The Intern Experiment Ninja!

The life of a first year doctor... it's ups and downs and anything else random that happens.

Friday, May 05, 2006

Confessions of an OT junkie

I must use my words carefully. Whether by coincidence or via a mole, my boss has started referring to me as "Dr J" (ie using just this title and not my real name) which means he may be reading these blogs. If you are sir, please leave a reply and say hi, otherwise I shall proceed with caution.

Anyway, the above mentioned consultant told me today that I HAD to see this certain operation he was about to perform today. So I quickly flew through the daily ward stuff and wrote in big red letters on the white board "In operating theatres, only page if urgent!"

So I ran down stairs as fast as I could, donned my magical blue scrubs and powered up for a scrub in with the boss and reg. Turned out we were doing a laprascopic nephrectomy and lithotomy using a new innovation called a "gel-port". Basically we were pulling a huge 15cm stone out of someone's ureter but insetad of using the rather cool standard fibreoptic camera cuts we were using this new technology called a 'gel-port' where a glowing green circle is placed into a cut in the patient's abdomen and you then shove your hand thru the port into the patient's abdomen and watch your hand on the TV screen. It kinda looks like the TV show Stargate where this people have alien-snake creatures in their abdomen called Goa'uld which exited from their hosts via a similar star-shaped port in their tummies. In the end we needed to convert to an open approach which meant the poor guy had the gel-port for nothing... but as an aside, my boss informed me that the port is made form the same rubber as "blow-up dolls" (you know those one's nerdy guys who can't get dates have stored in their cupboards?) That information will come in handy on trivia nights I'm sure!

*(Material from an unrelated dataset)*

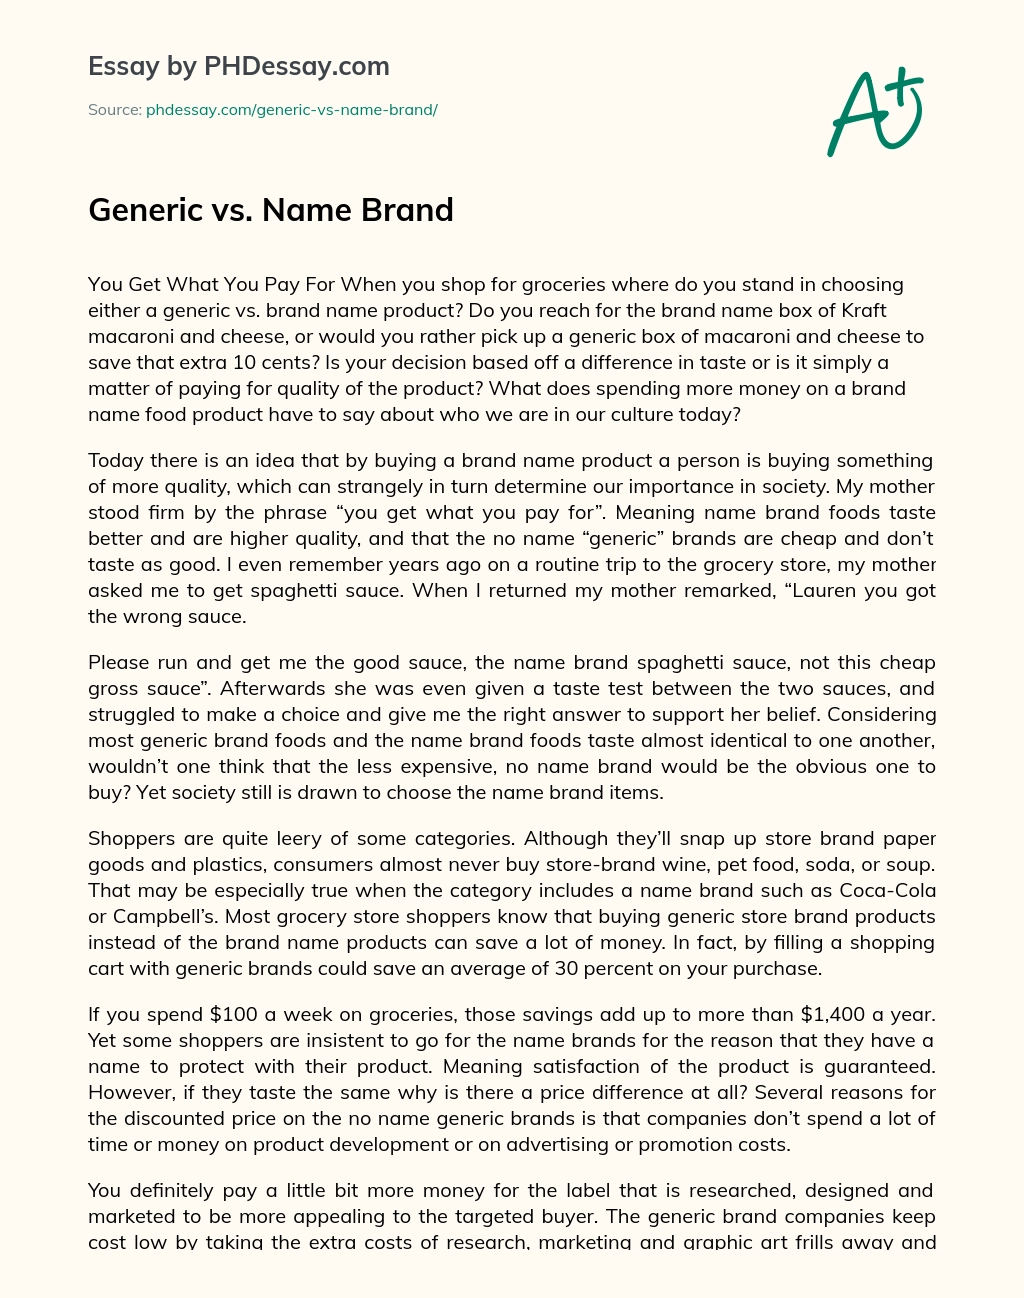 Generic vs. Name Brand essay

As I was about to pass out from low blood sugar standing still in the operating theatre for over 4 hours straight, the kind scout nurse appeared with a packet of Allens snakes and offered to insert them between our face and our surgical masks. So there we stood with our hands coveed in blood in this guy's abdomen whilst a nurse hand fed us sugar snakes to keep us going. A bizarre sight indeed!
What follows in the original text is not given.